* Exercise details
Set down only what runs from the line containing "Мужская футболка AC/DC" through the last line of the data, exactly as it reads.

* Data
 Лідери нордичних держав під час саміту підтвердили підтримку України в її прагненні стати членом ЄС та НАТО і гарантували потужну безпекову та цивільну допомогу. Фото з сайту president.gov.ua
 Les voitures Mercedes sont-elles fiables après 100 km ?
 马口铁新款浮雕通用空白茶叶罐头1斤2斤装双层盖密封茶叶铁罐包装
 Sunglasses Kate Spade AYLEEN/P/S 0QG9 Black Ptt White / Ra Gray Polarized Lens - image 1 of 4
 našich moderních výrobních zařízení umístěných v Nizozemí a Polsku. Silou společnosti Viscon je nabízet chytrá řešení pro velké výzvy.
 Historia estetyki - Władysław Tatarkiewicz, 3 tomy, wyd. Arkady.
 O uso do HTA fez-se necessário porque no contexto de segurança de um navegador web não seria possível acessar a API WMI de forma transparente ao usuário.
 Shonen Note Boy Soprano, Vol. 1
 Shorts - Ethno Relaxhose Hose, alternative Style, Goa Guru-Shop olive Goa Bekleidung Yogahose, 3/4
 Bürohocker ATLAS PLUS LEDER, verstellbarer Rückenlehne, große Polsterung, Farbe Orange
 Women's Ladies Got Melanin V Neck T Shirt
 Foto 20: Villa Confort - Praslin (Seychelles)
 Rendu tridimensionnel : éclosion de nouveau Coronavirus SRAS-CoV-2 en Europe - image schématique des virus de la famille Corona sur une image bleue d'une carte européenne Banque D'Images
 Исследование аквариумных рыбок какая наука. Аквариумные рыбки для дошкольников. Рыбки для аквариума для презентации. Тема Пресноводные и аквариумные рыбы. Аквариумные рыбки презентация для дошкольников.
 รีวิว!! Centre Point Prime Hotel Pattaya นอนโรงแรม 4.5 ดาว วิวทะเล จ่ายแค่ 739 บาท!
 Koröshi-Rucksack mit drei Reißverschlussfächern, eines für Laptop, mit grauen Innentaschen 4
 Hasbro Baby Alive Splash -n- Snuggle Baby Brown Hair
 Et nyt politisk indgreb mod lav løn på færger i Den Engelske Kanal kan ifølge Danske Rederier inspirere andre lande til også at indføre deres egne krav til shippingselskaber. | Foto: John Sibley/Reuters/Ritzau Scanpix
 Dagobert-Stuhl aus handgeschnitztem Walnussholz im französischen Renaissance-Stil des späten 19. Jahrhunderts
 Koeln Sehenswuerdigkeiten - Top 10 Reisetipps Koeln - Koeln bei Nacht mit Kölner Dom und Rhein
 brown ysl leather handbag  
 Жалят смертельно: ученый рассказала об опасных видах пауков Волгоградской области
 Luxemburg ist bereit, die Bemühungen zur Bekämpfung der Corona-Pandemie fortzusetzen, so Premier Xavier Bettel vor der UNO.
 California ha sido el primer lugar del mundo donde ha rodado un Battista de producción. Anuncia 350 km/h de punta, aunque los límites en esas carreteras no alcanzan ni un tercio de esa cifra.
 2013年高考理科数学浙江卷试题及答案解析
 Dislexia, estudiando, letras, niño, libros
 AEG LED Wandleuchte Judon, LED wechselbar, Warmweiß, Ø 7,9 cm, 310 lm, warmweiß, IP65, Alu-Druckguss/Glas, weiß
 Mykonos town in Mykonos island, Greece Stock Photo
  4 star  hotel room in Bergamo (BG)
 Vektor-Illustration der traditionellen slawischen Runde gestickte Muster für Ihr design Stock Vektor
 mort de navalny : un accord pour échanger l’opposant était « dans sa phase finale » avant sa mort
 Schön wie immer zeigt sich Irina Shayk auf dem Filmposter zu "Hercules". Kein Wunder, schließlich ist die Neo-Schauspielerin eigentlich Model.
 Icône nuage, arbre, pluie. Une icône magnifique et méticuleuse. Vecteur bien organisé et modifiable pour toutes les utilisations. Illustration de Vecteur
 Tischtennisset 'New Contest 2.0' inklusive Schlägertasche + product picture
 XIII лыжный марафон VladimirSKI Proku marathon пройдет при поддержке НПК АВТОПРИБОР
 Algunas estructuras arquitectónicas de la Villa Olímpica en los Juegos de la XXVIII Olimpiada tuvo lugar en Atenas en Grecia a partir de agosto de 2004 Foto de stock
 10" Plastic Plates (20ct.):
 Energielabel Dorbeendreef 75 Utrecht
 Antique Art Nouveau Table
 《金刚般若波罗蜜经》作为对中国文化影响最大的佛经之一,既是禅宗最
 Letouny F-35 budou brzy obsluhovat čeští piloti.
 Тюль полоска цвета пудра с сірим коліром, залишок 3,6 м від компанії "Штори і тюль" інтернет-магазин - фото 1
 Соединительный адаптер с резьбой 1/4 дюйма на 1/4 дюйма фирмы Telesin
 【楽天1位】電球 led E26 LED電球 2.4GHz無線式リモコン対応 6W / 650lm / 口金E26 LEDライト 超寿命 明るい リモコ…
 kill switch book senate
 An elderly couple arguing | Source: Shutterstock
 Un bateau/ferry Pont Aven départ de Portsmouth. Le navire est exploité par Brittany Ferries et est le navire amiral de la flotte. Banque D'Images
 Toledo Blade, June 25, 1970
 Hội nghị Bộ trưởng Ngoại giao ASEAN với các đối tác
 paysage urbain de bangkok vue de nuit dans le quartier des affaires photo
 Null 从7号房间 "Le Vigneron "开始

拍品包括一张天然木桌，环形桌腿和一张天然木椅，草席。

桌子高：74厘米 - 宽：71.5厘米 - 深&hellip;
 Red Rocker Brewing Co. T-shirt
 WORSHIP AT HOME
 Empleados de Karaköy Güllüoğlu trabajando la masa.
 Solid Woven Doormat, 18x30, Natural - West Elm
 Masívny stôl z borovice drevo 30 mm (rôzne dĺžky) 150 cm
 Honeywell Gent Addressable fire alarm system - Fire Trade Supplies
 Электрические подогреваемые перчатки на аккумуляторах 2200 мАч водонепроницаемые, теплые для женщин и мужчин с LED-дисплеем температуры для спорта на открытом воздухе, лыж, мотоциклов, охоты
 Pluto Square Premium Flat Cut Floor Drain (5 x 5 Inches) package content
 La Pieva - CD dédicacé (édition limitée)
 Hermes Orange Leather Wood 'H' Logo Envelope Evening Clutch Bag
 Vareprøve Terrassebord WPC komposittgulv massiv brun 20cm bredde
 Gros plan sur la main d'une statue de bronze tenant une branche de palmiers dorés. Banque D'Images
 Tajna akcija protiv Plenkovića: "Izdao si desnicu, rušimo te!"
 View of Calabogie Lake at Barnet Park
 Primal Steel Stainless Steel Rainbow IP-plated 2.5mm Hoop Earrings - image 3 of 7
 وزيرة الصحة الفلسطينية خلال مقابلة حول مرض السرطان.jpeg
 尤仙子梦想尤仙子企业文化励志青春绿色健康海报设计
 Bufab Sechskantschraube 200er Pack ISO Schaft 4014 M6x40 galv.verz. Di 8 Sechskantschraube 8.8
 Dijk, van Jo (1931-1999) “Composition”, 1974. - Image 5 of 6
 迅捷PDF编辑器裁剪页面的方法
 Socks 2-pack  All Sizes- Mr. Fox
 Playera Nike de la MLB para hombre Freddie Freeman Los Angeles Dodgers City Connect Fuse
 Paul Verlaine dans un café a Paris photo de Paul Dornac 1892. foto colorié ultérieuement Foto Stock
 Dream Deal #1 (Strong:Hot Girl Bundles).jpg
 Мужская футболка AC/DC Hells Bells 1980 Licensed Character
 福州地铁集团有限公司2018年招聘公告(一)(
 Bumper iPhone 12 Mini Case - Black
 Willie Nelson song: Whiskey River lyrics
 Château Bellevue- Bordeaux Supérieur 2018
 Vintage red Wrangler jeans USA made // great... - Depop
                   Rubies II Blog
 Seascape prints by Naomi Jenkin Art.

* Output
 Мужская футболка AC/DC Hells Bells 1980 Licensed Character
 福州地铁集团有限公司2018年招聘公告(一)(
 Bumper iPhone 12 Mini Case - Black
 Willie Nelson song: Whiskey River lyrics
 Château Bellevue- Bordeaux Supérieur 2018
 Vintage red Wrangler jeans USA made // great... - Depop
                   Rubies II Blog
 Seascape prints by Naomi Jenkin Art.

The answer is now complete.